Рыночная стоимость двадцать пять миллионов, аренда на пятнадцать лет, собственный капитал владеющей домом фирмы – семь миллионов, арендная плата – тридцать тысяч в месяц, и пока ничего, вызывающего подозрение, подумала Надя и быстро перешла к проверке содержимого жесткого диска.
Меньшую часть на нем, похоже, составляли различные документы всевозможного рода и малопонятные по своей сути, с которыми Надя, в силу своего характера, все равно намеревалась разобраться в будущем. С почти всем другим дело обстояло значительно проще.
«Ох, эти мужики», – подумала Надя, вздохнула и покачала головой, и единственно утешила себя тем, что последние находки, по крайней мере, доставят удовольствие ее шефу Эверту Бек-стрёму. Потом она выключила компьютер жертвы и включила собственный, намереваясь разобраться со следующим пунктом своего длинного списка того, что ей и ее коллегам следовало узнать о жизни, которую вел Томас Эрикссон.
В пятницу 31 мая, за два дня до убийства адвоката Томаса Эрикссона, Йенни Рогерссон поступила, как ее шеф Эверт Бек-стрём сказал ей, и закончила расследование странного избиения барона Ханса Ульрика фон Комера, якобы случившегося двенадцатью днями ранее на парковочной площадке перед дворцом Дроттнингхольм.

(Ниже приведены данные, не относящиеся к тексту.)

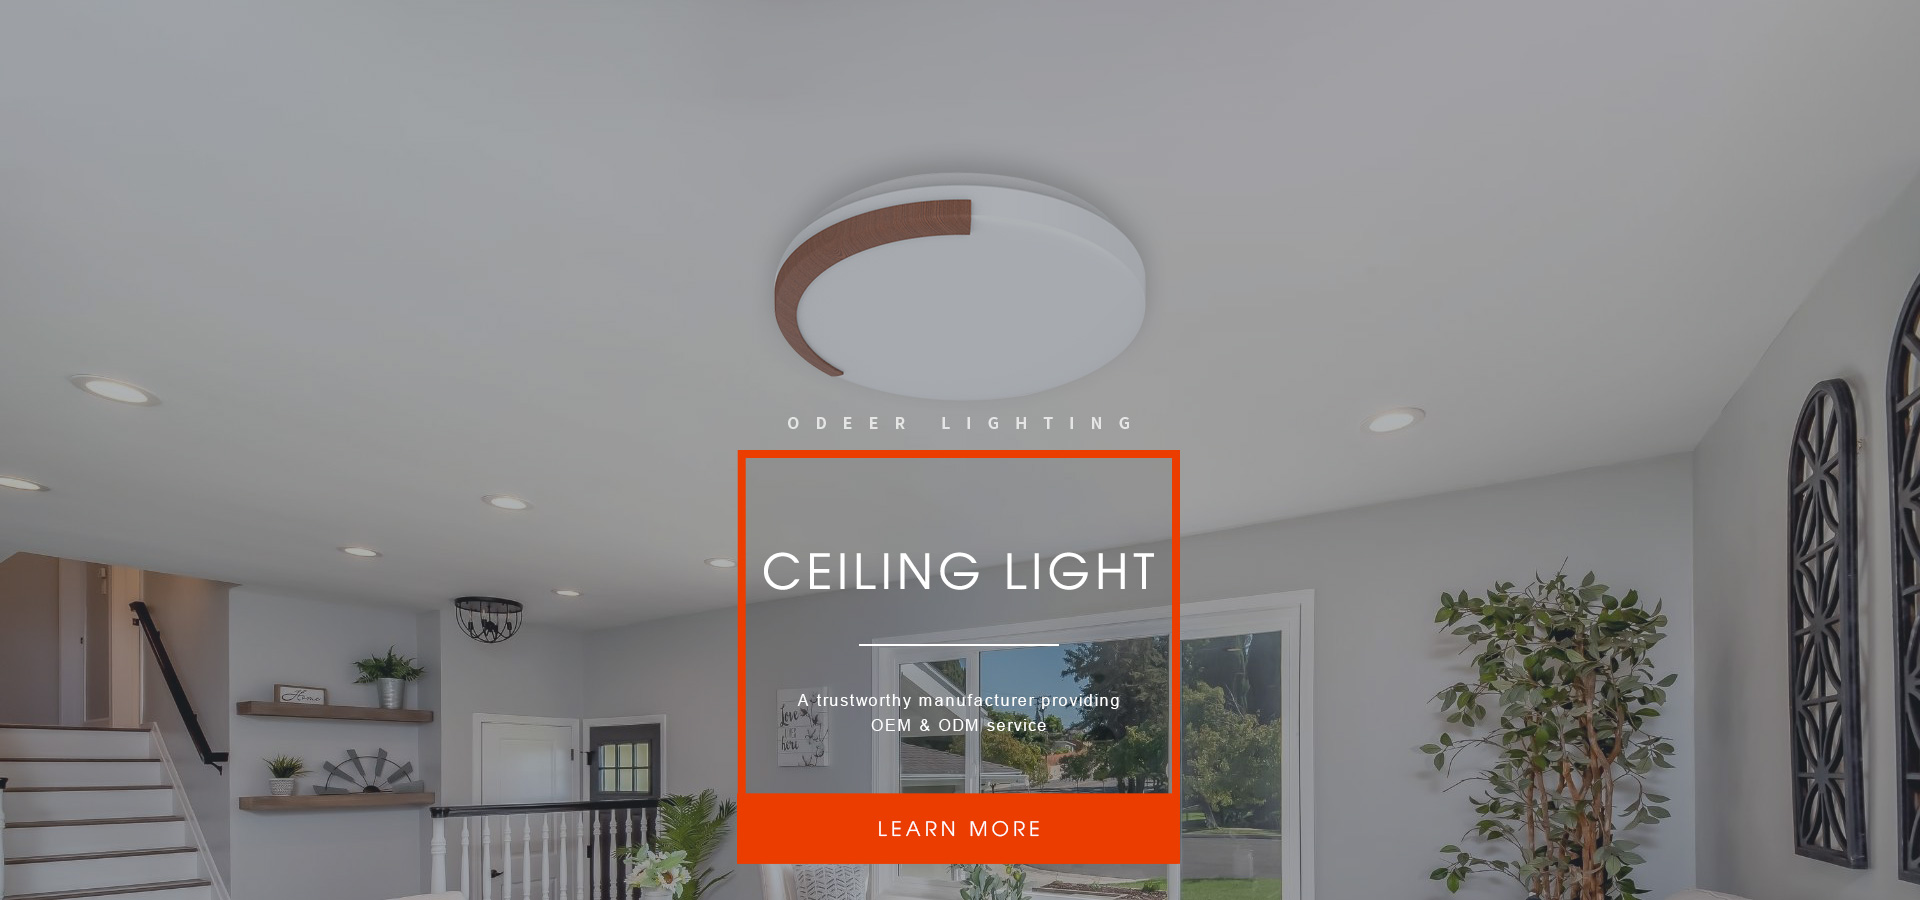 Engros UItra Thin Ceiling Light

Она собрала все бумаги (решение Бекстрёма по делу, результаты проделанной ею самой работы, оригинал анонимного заявления и окровавленный каталог) и сунула их в один большой конверт, чтобы переправить в большой полицейский комплекс на Кунгсхольмене и отдел личной защиты полиции безопасности. Все вместе, «для информации», в соответствии с инструкциями, которые касались полиции Вестерорта, и утром в понедельник 3 июня ее послание вместе с другой входящей почтой легло на письменный стол комиссара Андерссона.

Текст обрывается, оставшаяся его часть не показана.